"Oh, what a shame," Hazel expostulated. "Then whose are these?"
"Why, Hugh's," her brother informed her, with an irrepressible chuckle. "And it is all very well to cry shame, Hazel; but why do you suppose this suit looks so decent? Because, forsooth, Hugh puts it carefully away and wears mine whenever he can. And again, why has mine become so extremely shabby? Because, when he has it on—and he manages to wear it pretty often, let me tell you—he is utterly reckless as to how he treats it: he will lie upon the grass in it; and he wore it a great deal while he was making those bookshelves for you, and messing about generally in the carpenter's room of an evening."
"Mrs. Doidge has fine-drawn the hole in the knee where the chisel went through, sir," murmured Miles, as he offered his young master the vegetables, with deferential bend, "and I brushed and laid everything out upon your bed, sir, as usual."
"Thank you, Miles; yes, I saw that," Teddie rejoined. "Well, they will be all the readier. I am afraid I shall be wearing them very soon: something tells me that it won't be long before Hugh comes," he added, turning to Hazel.
Good, faithful Miles! With how much perseverance did he endeavour, in things great and small, to keep up his loved "family" to the level of their former status, deeming such condition essential to their well-being! With what toil and labour did he strive that each of his young masters should at all times appear well groomed, that they might not miss, nor show they lacked, the attentions of the two valets whose services had been entirely devoted to his five sons, by Hubert's order!
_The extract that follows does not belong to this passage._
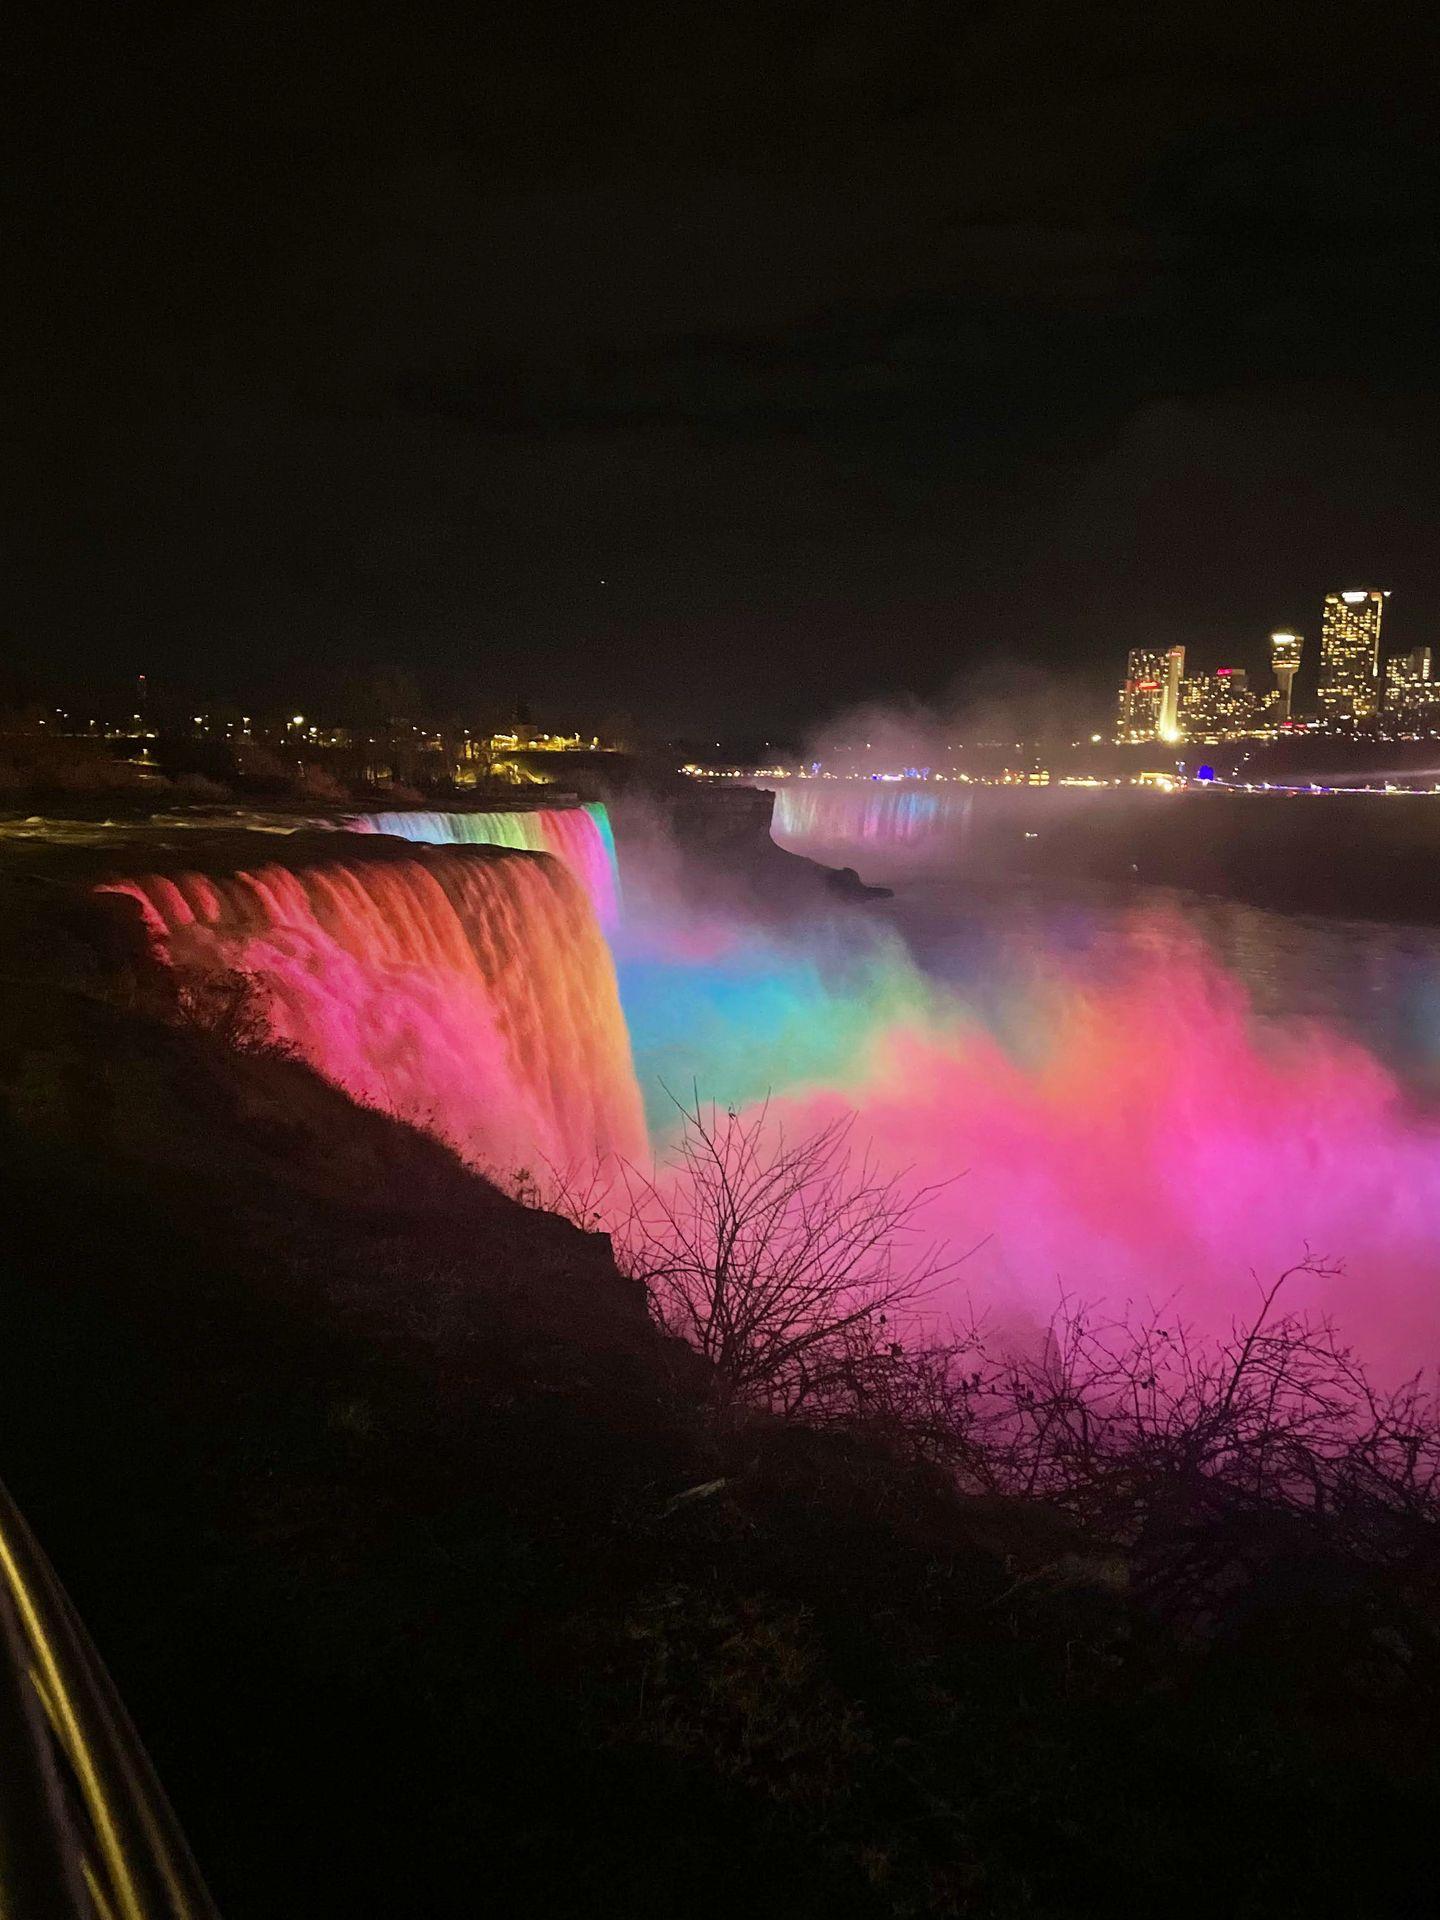 American Falls lit up with rainbow lights at night.

And indeed, as Miles himself was wont to confess, if it were not for the saving help of their faithful servant, long ere this would the young gentlemen have presented themselves at dinner in morning dress, to be tended by a couple of maids—Miles always lost his equanimity at the mere thought of women at table. He shuddered to contemplate the probable condition of the plate and glass, that constituted his greatest pride, under feminine control.
He would look into the drawing-room or search the hall—either of which places were gathering grounds of the family—a few minutes before the sounding of the dinner-gong, and if one luckless Le Mesurier boy chanced to be lurking in some corner, in morning garb, hoping to escape the watchful eye of the redoubted butler, Miles would immediately spy him out, and with bland severity inform the delinquent that he would ask Mrs. Doidge to "put the dinner back" a quarter of an hour, if his young master could find that sufficient time in which to make his toilet. His patient persistence at length shamed the boys into meek acquiescence, so that Miles had relaxed his stern vigilance somewhat of late, showing in its stead a pathetic trust in their own sense of right, such as they could not disregard.
The flower-garden too, in the immediate neighbourhood of the house, would be overrun with weeds—as he had once found it after a month's confinement to the house with an obstinate attack of rheumatism—entailing the extra expense of outside help for their suppression. It is true that Miss Hazel had wrestled with the noxious growths—as her little brown hands testified, for she either could not or would not keep on the queerly fashioned and enormous gloves that Mrs. Doidge assured the girl were the correct thing for gardening, and with which the good woman was careful to supply her; but what was his little mistress's feeble strength, pitted against the alarming odds of the pertinacious herbage? Miles asked pitifully, when even he, tough, work-hardened old man that he was, found the fight a fierce and oft-to-be-repeated one: for the foe, fresh and smiling in their green uniform, seemed to bear charmed lives, and to rise in formidable ranks like so many phoenixes from the weed carnage. Extermination seemed an impossibility, notwithstanding the feverish energy with which Miles went forth to combat, and the wondrous strategy that he brought to bear upon the imposing and ever-smiling green army.
CHAPTER III
Two days later, Teddie and Hazel, she seated on far-stretching, hopelessly tangled tree-roots, he prone upon his back on the dry moss, disported themselves in the leafy shade of the beloved greenwood, deep in consultation on the same momentous question that Hazel had endeavoured to solve alone: how might she earn money?